# Okie dokie, here's the deal. After validating _ex vivo_ butyrate predictions and _in vivo_ relevance of these predictions to inflammation, we want to see how we can use MICOM to develop specific diets. To start, we'll do a "diet flip", wherein we will measure the change in butyrate production in models constructed from the Arivale cohort on a western diet versus a high-fiber diet. 

In [None]:
import pandas as pd
import micom 
from tqdm import tqdm
import glob
import numpy as np 
import seaborn as sns
import scipy
from sklearn.cluster import AgglomerativeClustering
import matplotlib.pyplot as plt
import statsmodels

from plotnine import *

import warnings
warnings.simplefilter(action='ignore')
import os
%matplotlib inline

In [None]:
os.chdir('/proj/gibbons/nbohmann/arivale/')

## First, we grow all our Arivale models on the western diet: 

In [None]:
butyrate = pd.DataFrame()
manifest = pd.read_csv('/proj/gibbons/nbohmann/arivale/models_reclass/manifest.csv',index_col = 0)
diet = pd.read_csv('/proj/gibbons/nbohmann/exvivo/diets/western_completed.csv')
growth = micom.workflows.grow(manifest, model_folder='models_reclass',
                                 medium = diet, tradeoff = 0.7, strategy = 'none',threads = 20,presolve = True)
exchanges = growth.exchanges
exchanges = (exchanges[exchanges.direction == "export"].groupby(["sample_id","metabolite", "reaction"])
         .apply(lambda df: sum(df.flux * df.abundance)).reset_index())
butyrate = butyrate.append(exchanges[exchanges['reaction'].str.startswith('EX_but(e)')].reset_index(drop = True),
                           ignore_index = True)
butyrate['diet'] = 'EU'
butyrate

## Next, we grow the models on the high fiber diet

In [None]:
high_fiber = pd.DataFrame()
manifest = pd.read_csv('/proj/gibbons/nbohmann/arivale/models_reclass/manifest.csv',index_col = 0)
hf_diet = pd.read_csv('/proj/gibbons/nbohmann/exvivo/diets/highfiber_completed.csv')
os.chdir('/proj/gibbons/nbohmann/arivale')
growth = micom.workflows.grow(manifest, model_folder='models_reclass',
                                 medium = hf_diet, tradeoff = 0.7, strategy = 'none',threads = 20,presolve = True)
exchanges = growth.exchanges
exchanges = (exchanges[exchanges.direction == "export"].groupby(["sample_id","metabolite", "reaction"])
         .apply(lambda df: sum(df.flux * df.abundance)).reset_index())
high_fiber = high_fiber.append(exchanges[exchanges['reaction'].str.startswith('EX_but(e)')].reset_index(drop = True),
                           ignore_index = True)
high_fiber['diet'] = 'high_fiber'

## Lets merge these df's and save our work

In [None]:
butyrate.rename(columns = {0:'but'},inplace = True)
high_fiber.rename(columns = {0:'but'},inplace = True)
butyrate = pd.concat([butyrate, high_fiber])
os.chdir('/proj/gibbons/nbohmann/exvivo/scfa_paper/')
butyrate.to_csv('diet_flip.csv')

## Here we'll load up the dataframe we just saved.
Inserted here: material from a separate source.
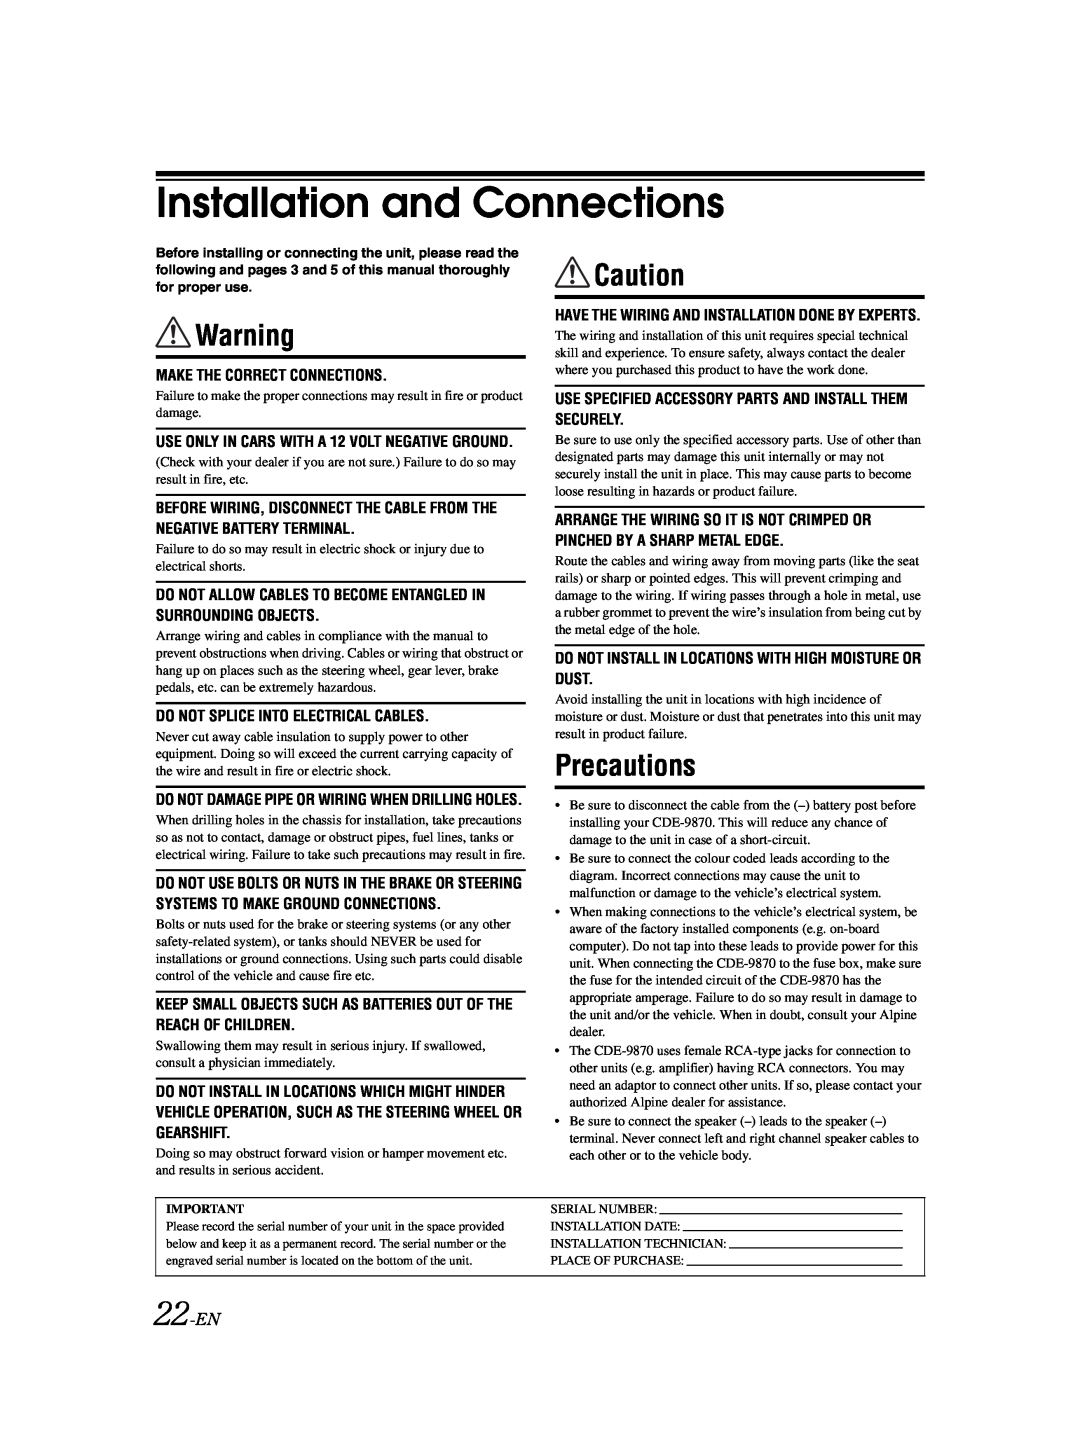 Alpine CDE-9870 owner manual Installation and Connections, Precautions, 22-EN

Start here if you want to save some time :)

In [None]:
os.chdir('/proj/gibbons/nbohmann/exvivo/scfa_paper/')
butyrate = pd.read_csv('diet_flip.csv',index_col = 0)
butyrate

## Okay, let's make a histogram to show the distribution of butyrate produced between the diets

In [None]:
def percentage_change(col1,col2):
    return ((col2 - col1) / col1) * 100

In [None]:
butyrate['diet'] = butyrate['diet'].str.replace('high_fiber','High Fiber')
butyrate_pvt = pd.pivot_table(butyrate,index = 'sample_id',columns = 'diet', values = 'but')
butyrate_pvt['change'] = percentage_change(butyrate_pvt['EU'],butyrate_pvt['High Fiber'])
butyrate_pvt.sort_values(by = 'change')
nonresponders = butyrate_pvt[(butyrate_pvt['EU']<10)&(butyrate_pvt['change']<20)]
regressors = butyrate_pvt[(butyrate_pvt['EU']>19.9)&(butyrate_pvt['change']<0)]
box_nonresponders = [nonresponders[['EU','High Fiber']].min().min(), nonresponders[['EU','High Fiber']].max().max()]
box_regressors = [regressors[['EU','High Fiber']].min().min(), regressors[['EU','High Fiber']].max().max()]
butyrate

In [None]:
hist_plt = (ggplot(
    butyrate,aes(x = 'but'))
    +annotate(geom_rect, xmin=box_nonresponders[0], xmax=box_nonresponders[1], ymin=0, ymax=float('inf'),
              fill = 'darkgreen', alpha=0.3)
    +annotate(geom_rect, xmin=box_regressors[0], xmax=box_regressors[1], ymin=0, ymax=float('inf'),
              fill = 'orange', alpha=0.3)
    +geom_density(aes(fill = 'diet'))
    +labs(x = 'Butyrate Production ($\dfrac{mmol}{gDW*h}$)',y = 'Fraction',
          color = 'Butyrate Production Quantile, EU Diet')
    +scale_fill_discrete(name = 'Diet', labels = ['European','High Fiber'])
    +theme(text = element_text(size=20),
       panel_background=element_rect(fill = "white", colour = "white",size = 0.5, linetype = "solid"),
       panel_grid=element_blank(),
       axis_line = element_line(size = 2, linetype = "solid", colour = "black"),
       legend_title=element_blank(), legend_position='right'))
hist_plt

### Now we'll pivot the table and calculate individual changes between European and HF diet. Also, we'll make a list of non-responders and regressors to use for further interventions

In [None]:
butyrate_pvt = pd.pivot_table(butyrate,index = 'sample_id',columns = 'diet', values = 'but')
butyrate_pvt['change'] = percentage_change(butyrate_pvt['EU'],butyrate_pvt['High Fiber'])
samples = butyrate_pvt[(butyrate_pvt['EU']<10)&(butyrate_pvt['change']<20)]
samples2 = butyrate_pvt[(butyrate_pvt['EU']>19.9)&(butyrate_pvt['change']<0)]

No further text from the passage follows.